Internauci w Polsce rozsyłają ilustrację popularną wcześniej w anglojęzycznym internecie, która ma dowodzić, że środowisko LGBT akceptuje pedofilię. Wbrew przekazom internautów źródłem ilustracji wcale nie jest facebokowa strona LGBT News. Zagraniczne serwisy fact-checkingowe uznały to za kolejną próbę oczerniania ruchu LGBT.
A co Państwo sądzą o gorącym sexie pomiędzy 36 letnim mężczyzną a 10 letnią dziewczynką?" - zapytał 23 maja na Twitterze jeden z internautów (pisownia postów oryginalna). I dołączył do wpisu zrzut ekranu anglojęzycznej ilustracji, która rzekomo została opublikowana na facebookowej stronie o nazwie LGBT News. Grafika ma być dowodem, że to środowisko akceptuje pedofilię, że dla takich osób liczy się tylko miłość a nie płeć ("not gender"), nie rasa ("not race"), nie religia (not religion) i nie wiek (not age).
Komentarz internauty dotyczy tego ostatniego: na ilustracji zaznaczono kółkiem przedstawioną pod tym hasłem symbolicznie parę: postać kobiety i mężczyzny. Na postaci kobiety jest liczba 10, na postaci mężczyzny - 36. U dołu grafiki na tęczy widać literę "p", u góry na tęczy słowo "pedo".
fałsz
W komentarzach pod tym postem wylał się hejt pod adresem osób LGBT. "Dewianci z LGBT"; "Klub tęcza schodzi na psy"; "Nie ważne co my myślimy, ważne że 'oni' uważają to za normalność, popaprańcy"; "Nic nowego. Najdalej za kilkanaście lat w miejscu 'chcemy się odwiedzać w szpitalach', będzie 'my tylko chcemy dawać radość dzieciom'" - pisali internauci.
"Słaba photoshopowa przeróbka"
Ilustracja trafiła do polskojęzycznych mediów społecznościowych z anglojęzycznej sieci.
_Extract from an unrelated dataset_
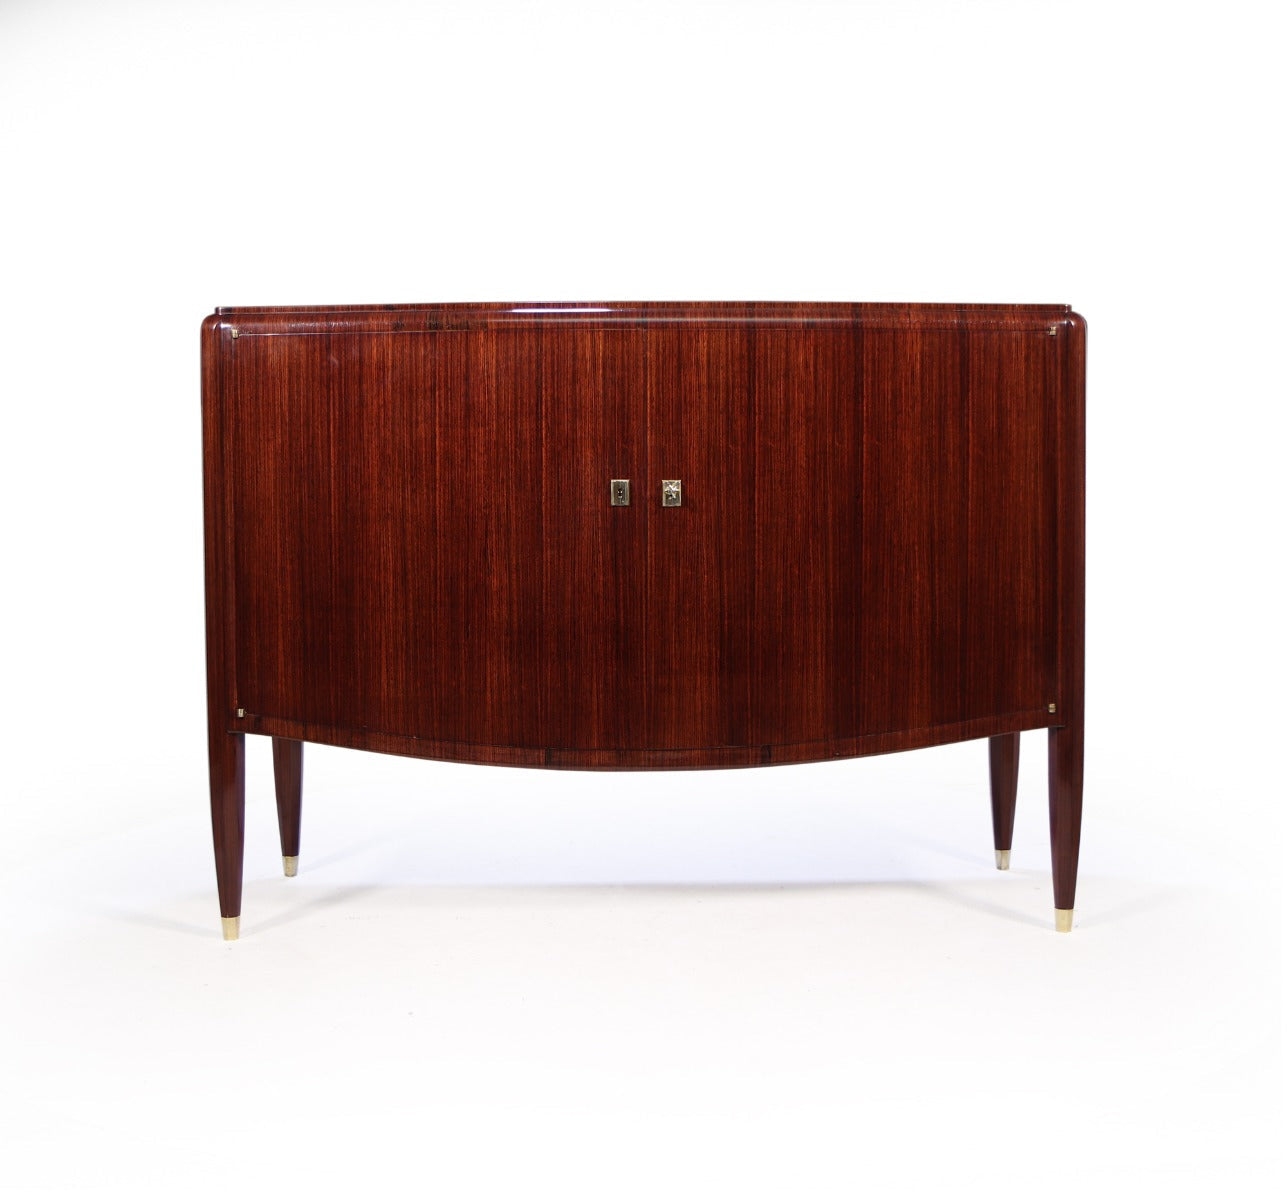 French Art Deco Sideboard by Jules Leleu c1925 – The Furniture Rooms

Nie jest nowa. Znaleźliśmy wpisy z nią w mediach społecznościowych z 2020 roku. "Normalizacja pedofilii"; "Za pięknym pojęciem (...) często kryje się jakaś agenda. Czujność siostry. Nie pozwólcie im przemycić takich rzeczy" - komentowali wtedy internauci.
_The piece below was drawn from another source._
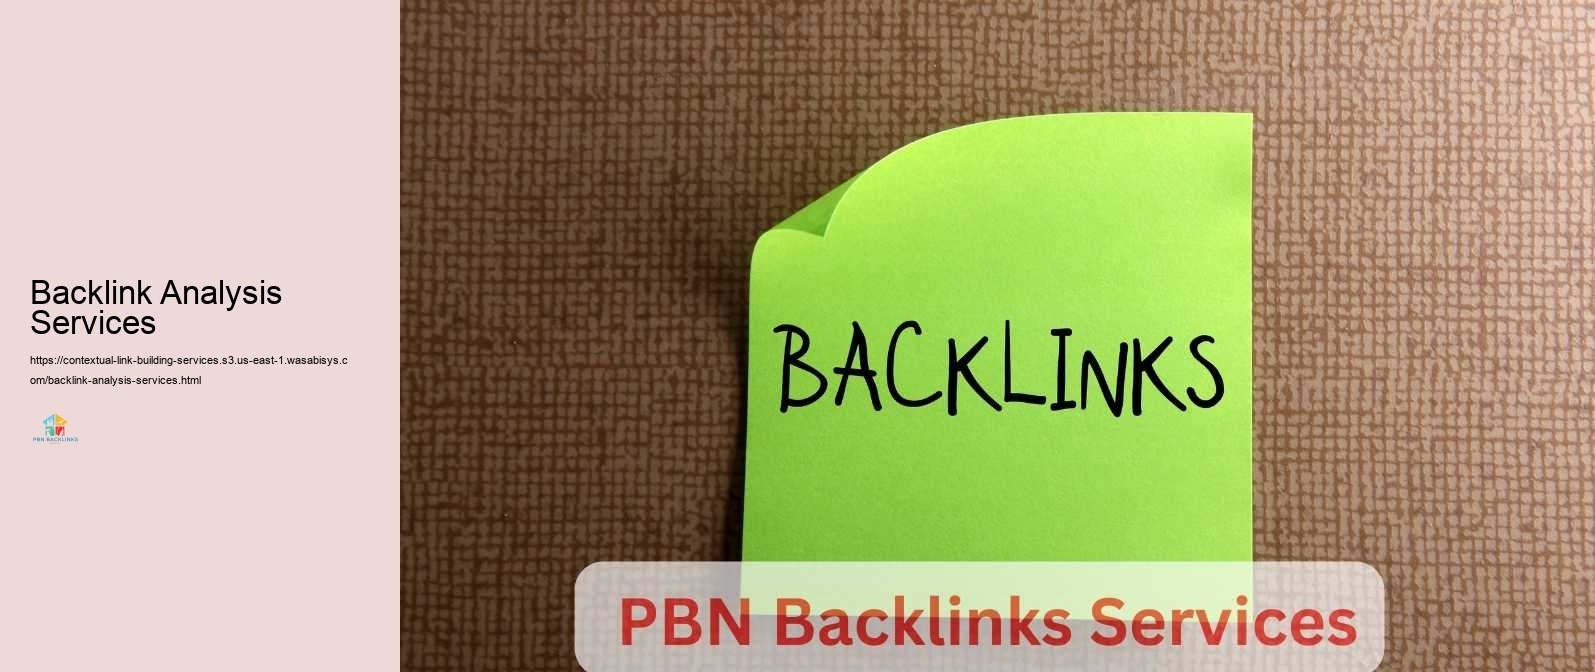 Backlink Analysis Services

Pod koniec maja 2020 roku Reuters skontaktował się z administratorami LGBT News na Facebooku, by zapytać o ilustrację, która miała stamtąd pochodzić. "Słaba photoshopowa przeróbka. Ta grafika pojawia się w całej sieci jako publikowana przez różne grupy" - odpisali Reutersowi przedstawiciele LGBT News. "Oczywiście, jesteśmy przeciwni każdej formie pedofilii. Rozpowszechniający taką grafikę są albo trollami, albo hejterami próbującymi oczernić ruch LGBT" - wyjaśnili.
Reuters nie znalazł żadnego dowodu potwierdzającego, że ta krążąca po anglojęzycznej sieci ilustracja rzeczywiście została opublikowana na stronie LGBT News.
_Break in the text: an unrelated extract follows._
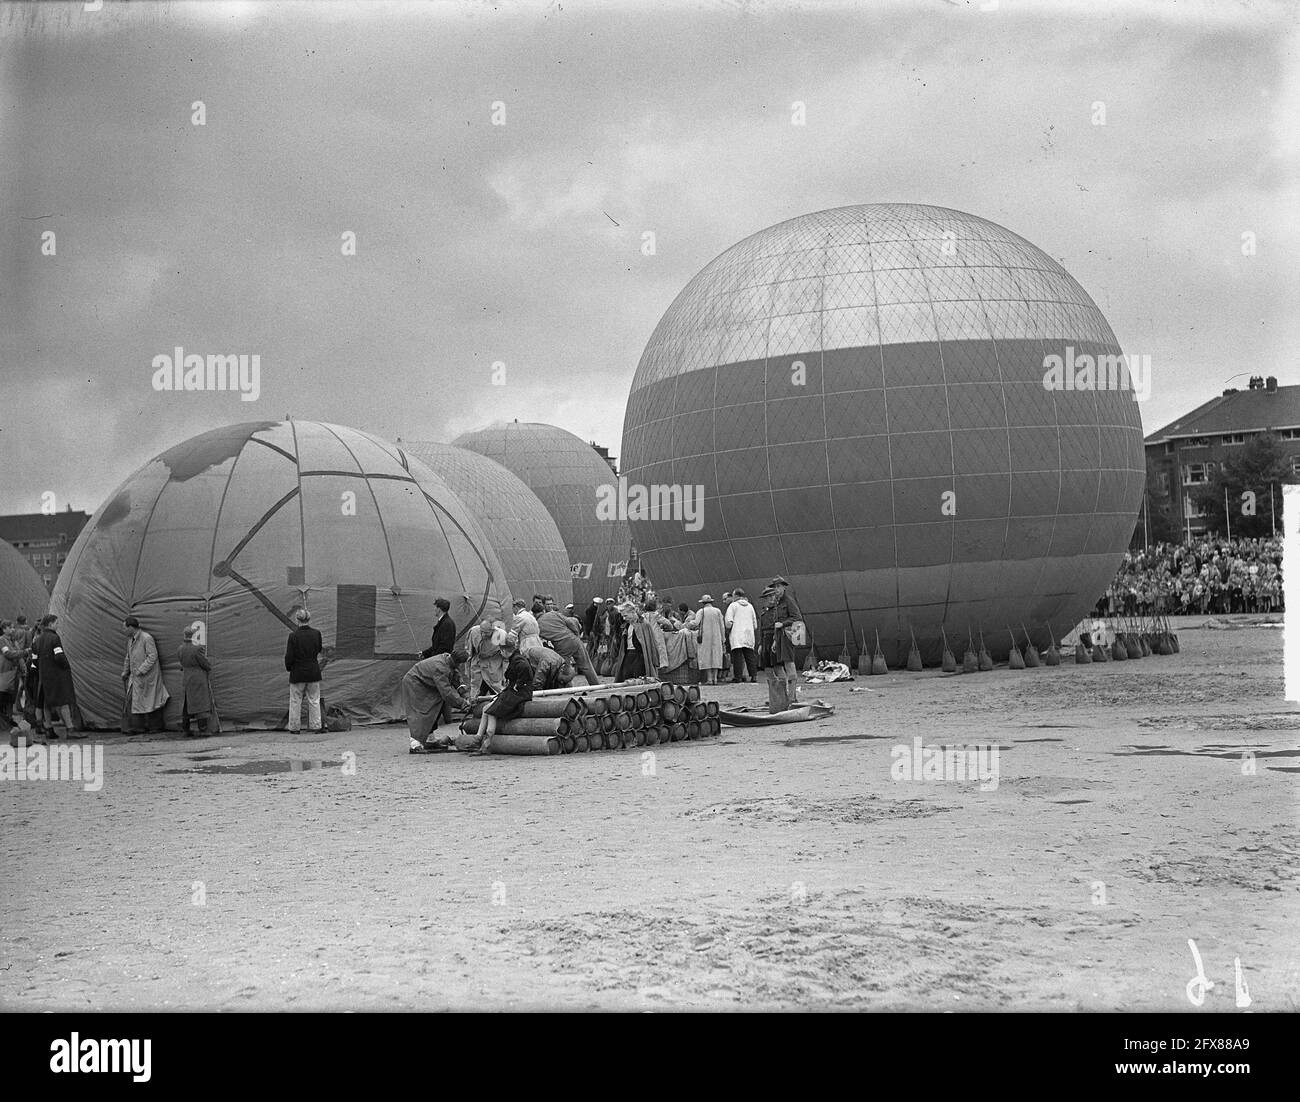 Balloon race Amsterdam filling with cylinders, September 2, 1950, Balloon races, The Netherlands, 20th century press agency photo, news to remember, documentary, historic photography 1945-1990, visual stories, human history of the Twentieth Century, capturing moments in time Stock Photo

Fałszywe oskarżenia wobec środowiska LGBTQ się mnożą
To nie pierwszy raz, gdy internauci przypisują społeczności LGBT (i LGBTQ) popieranie pedofilii. W grudniu 2017 roku portal fact-checkingowy Snopes pisał o broszurze, na której widać skrót LGBTP - gdzie P miało oznaczać pedofilów. Dziennikarze wskazali, że twórcami mogą być użytkownicy jednego z forów - 4chan. "To nie jest autentyczna ulotka grupy LGBT. Ani żadna grupa LGBT nie popierała pedofilii, ani tym bardziej nie ogłosiła, że do akronimu zostanie dodane 'P', by pokazać poparcie dla pedofilów" - tłumaczył w tekście portal. W lipcu 2020 roku portal USA Today opisał tę samą ulotkę, która znów zaczęła krążyć w internecie.
W sierpniu 2020 roku Reuters informował że skrajnie prawicowe środowiska trollują w sieci, wymyślając "płeć koniczyny", która zakłada, że można być dużo młodszym sercem niż się w rzeczywistości jest. A zatem można być z kimś dużo młodszym, np. z nieletnim. Wbrew pozorom wielu internautów potraktowało to serio i zupełnie na serio to komentowało.
Środowiska LGBT/LGBTQ odrzucają oskarżenia o akceptację pedofilii. Rzecznik Human Rights Campaign, organizacji zajmującej się prawami obywatelskimi działającej na rzecz społeczności LGBTQ, przekazał w połowie 2020 roku Reutersowi: "Ruch LGBTQ absolutnie odrzuca wszelkie sugestie, że nasza społeczność jest związana z niekonsensualnymi zachowaniami interpersonalnymi".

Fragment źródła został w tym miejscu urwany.